Despite the gloom that envelops the start of 2022 due to restrictions, some hoteliers remain phlegmatic. Well-known Wicklow businesswoman, Lorraine Sweeney, who with her family owns three hotels including the new Powerscourt Springs Wellness Hotel near Enniskerry, said 2021 was "not all bad".
“I actually don’t think it was as bad as was predicted at one stage for hospitality. We didn’t have a bad year,” she said.
“New markets were opened up for us. Irish people are now far more interested in going out walking and visiting local beauty spots such as Glendalough, and we have picked up business from them. Up until early December, we had a lot of bookings. There is some uncertainty again now, but it will go away.”
Sweeney says the crisis has also given her ways to control costs. Her three hotels – Summerhill House in Enniskerry, Wilton in Bray and the Powerscourt Springs, a joint enterprise with her daughter, Adrienne Sweeney – are now open to residents only for virus safety reasons, and not to outside guests for meals.
“That allows them to be more efficient on costs. We can staff it more efficiently because we don’t need to keep a chef in the kitchen all day for someone who might only order a €3 coffee. That helps with cashflow. There have been big challenges in 2021. But autumn had been very strong and we will get back there. I think we are well positioned in north Wicklow”
Still, there is clear worry in the restaurant sector.

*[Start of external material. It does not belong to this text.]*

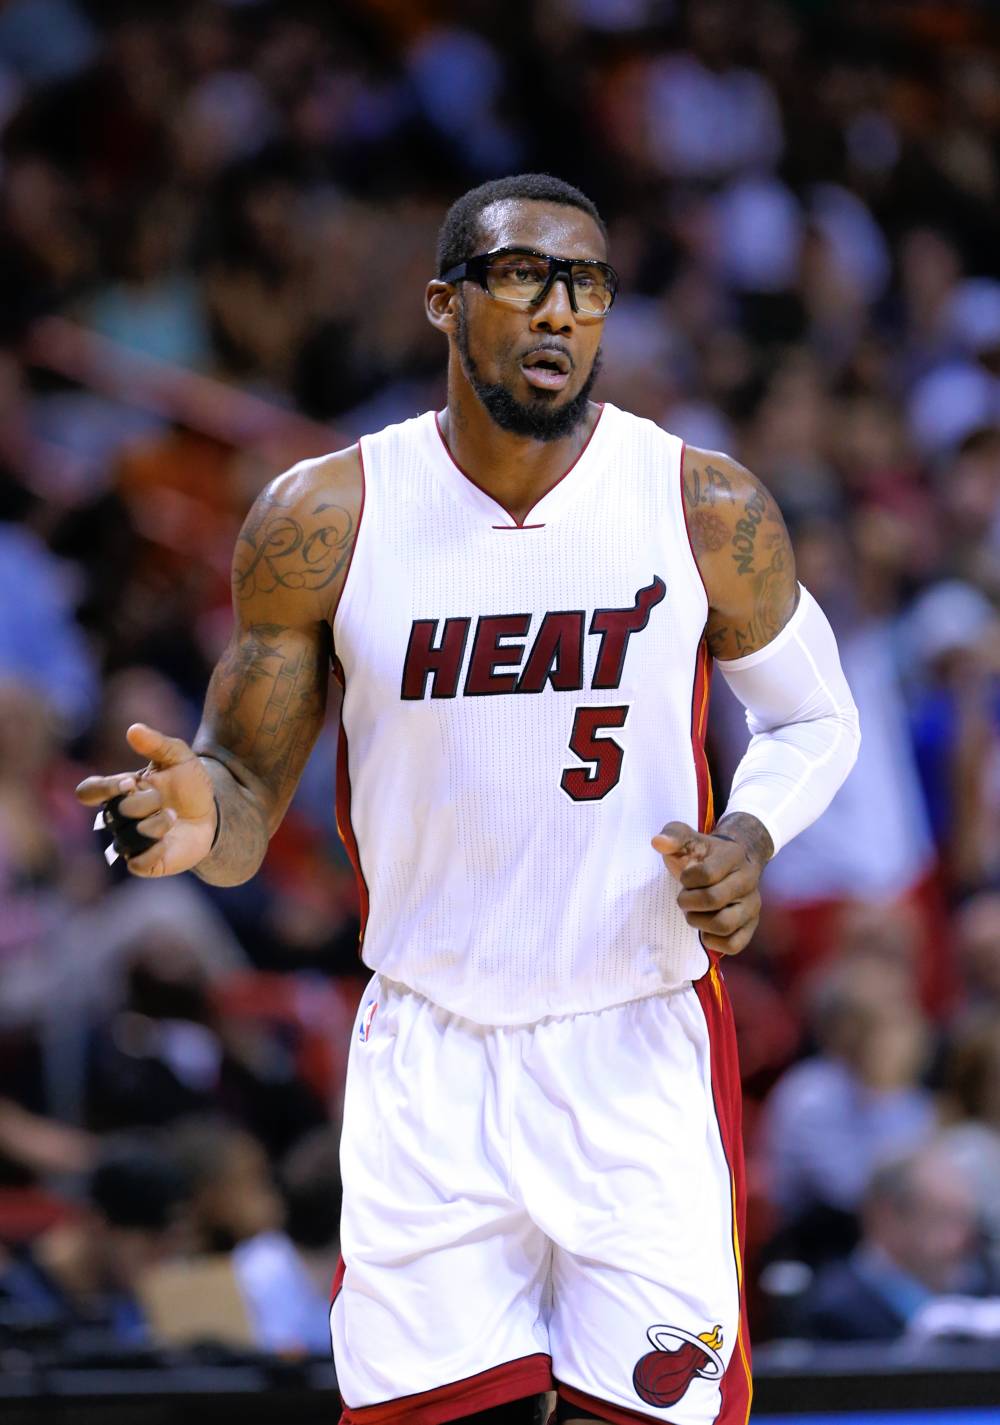 Amar’e Stoudemire Wants to Play at Least 2-3 More Years

The Government has assembled a package of new supports but operators wonder how and when they will get to reopen, and how they will repay the bills they have accrued in the meantime, such as delayed tax payments.
"At the end of the first quarter of 2022 and into the second quarter – that's the danger period for liquidations," says Adrian Cummins, chief executive of the industry group, the Restaurants Association of Ireland.
“We need a long-term plan for the sector. And we also need to talk about the warehousing of debt, such as taxes. Does there need to be a writedown of this by the Government? We need to talk about it.”
The likely fortunes of the sector in 2022 are yet to become clear. It must wait.